> [Data excerpt]:
_ _ _

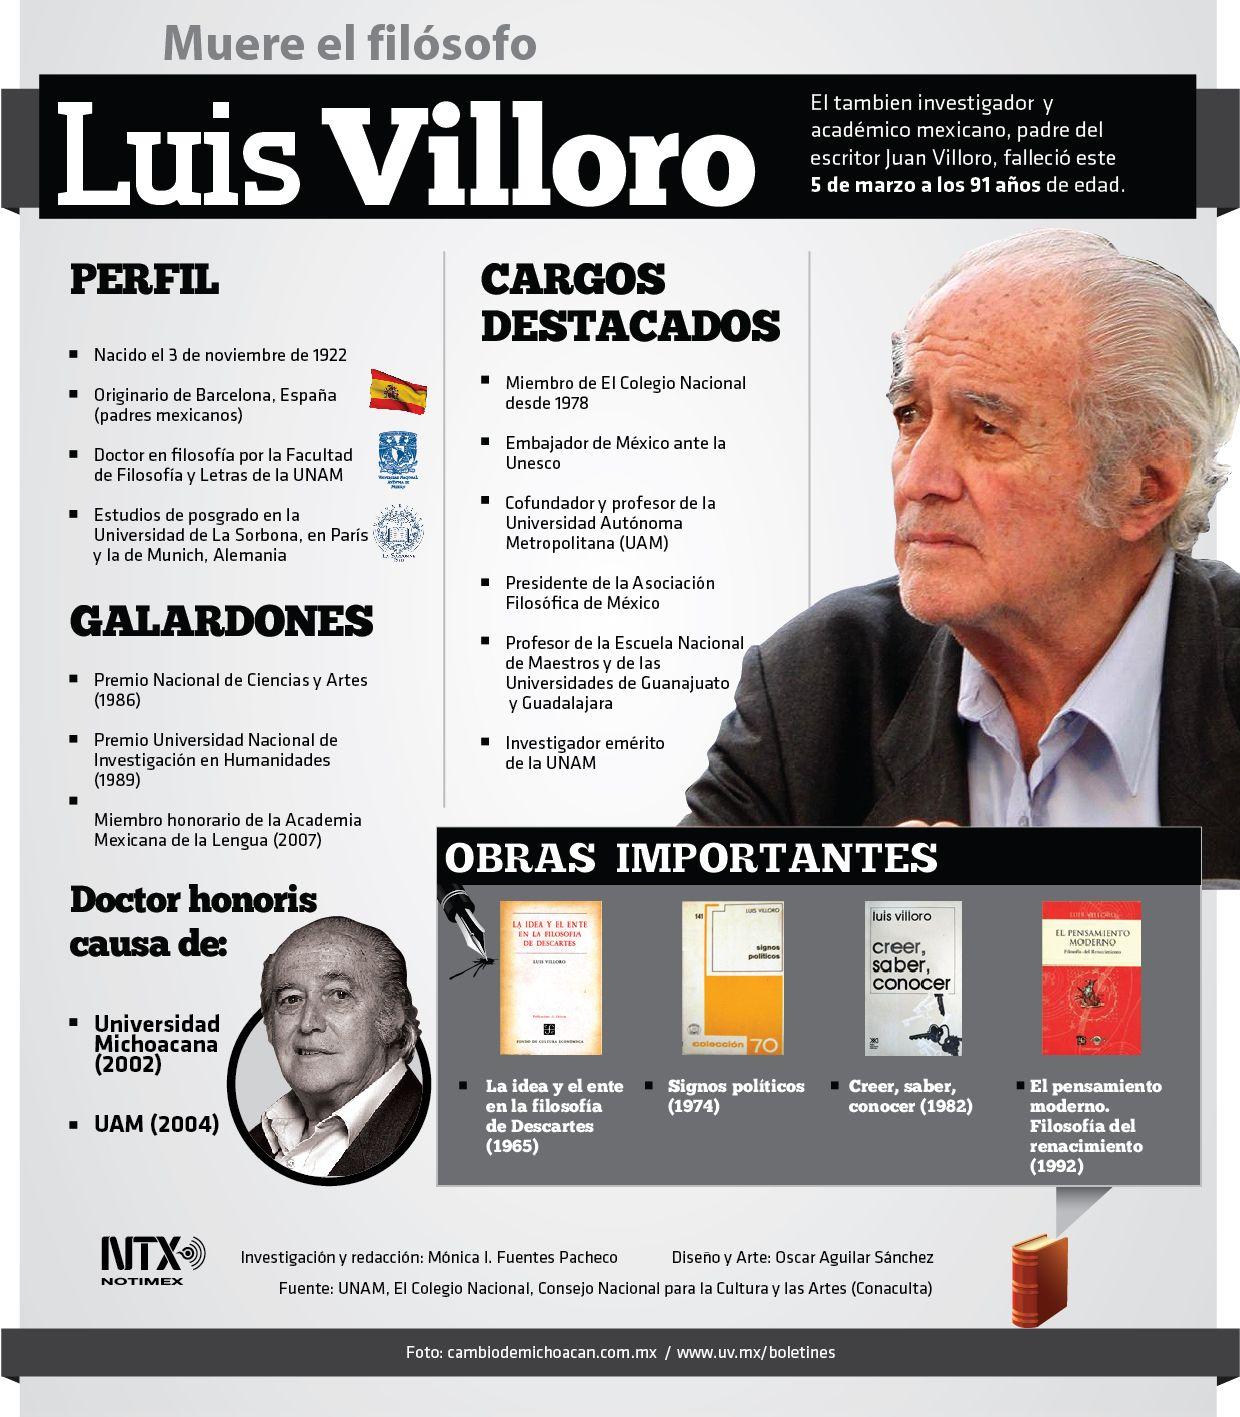 Luis Villoro, investigador y académico mexicano, padre del escritor Juan Villoro, falleció a los 91 años de edad.  #Infografia
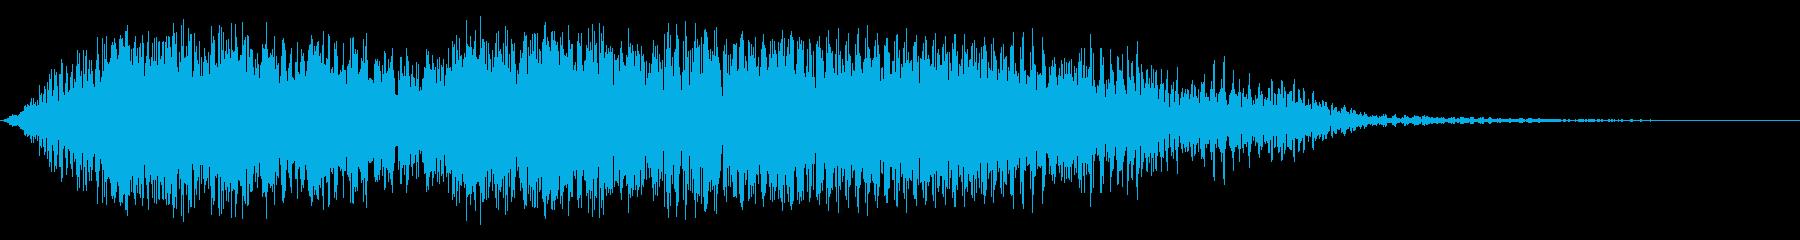 低地恐竜の再生済みの波形
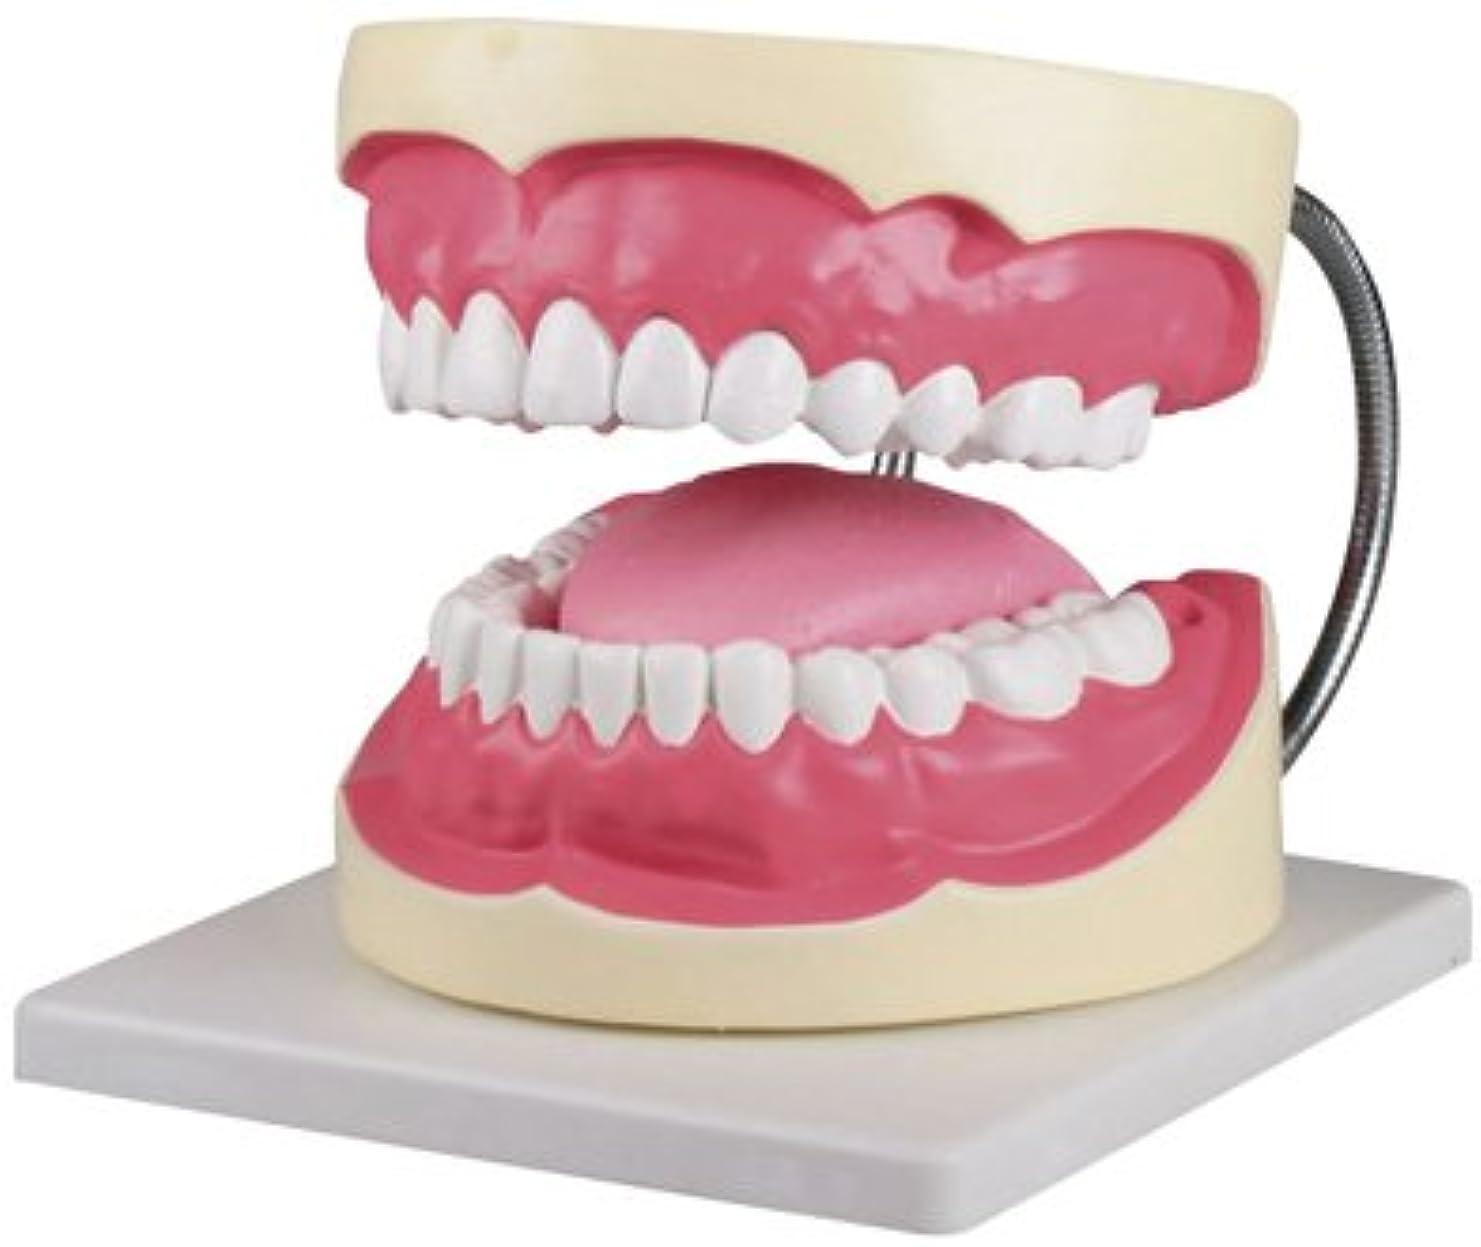 ビバ配列交流する歯磨き(口腔ケア)指導模型3倍大 D216 ?????(??????)???????(24-6839-01)【エルラージーマー社】[1個単位]

_ _ _

> [Problem details]:
When the line that holds "低地恐竜の再生済みの波形" is reached, begin duplicating exactly, and continue through the last line of the listing, skipping the pictures; output nothing else.

> [Answer below]:
 低地恐竜の再生済みの波形
 ビバ配列交流する歯磨き(口腔ケア)指導模型3倍大 D216 ?????(??????)???????(24-6839-01)【エルラージーマー社】[1個単位]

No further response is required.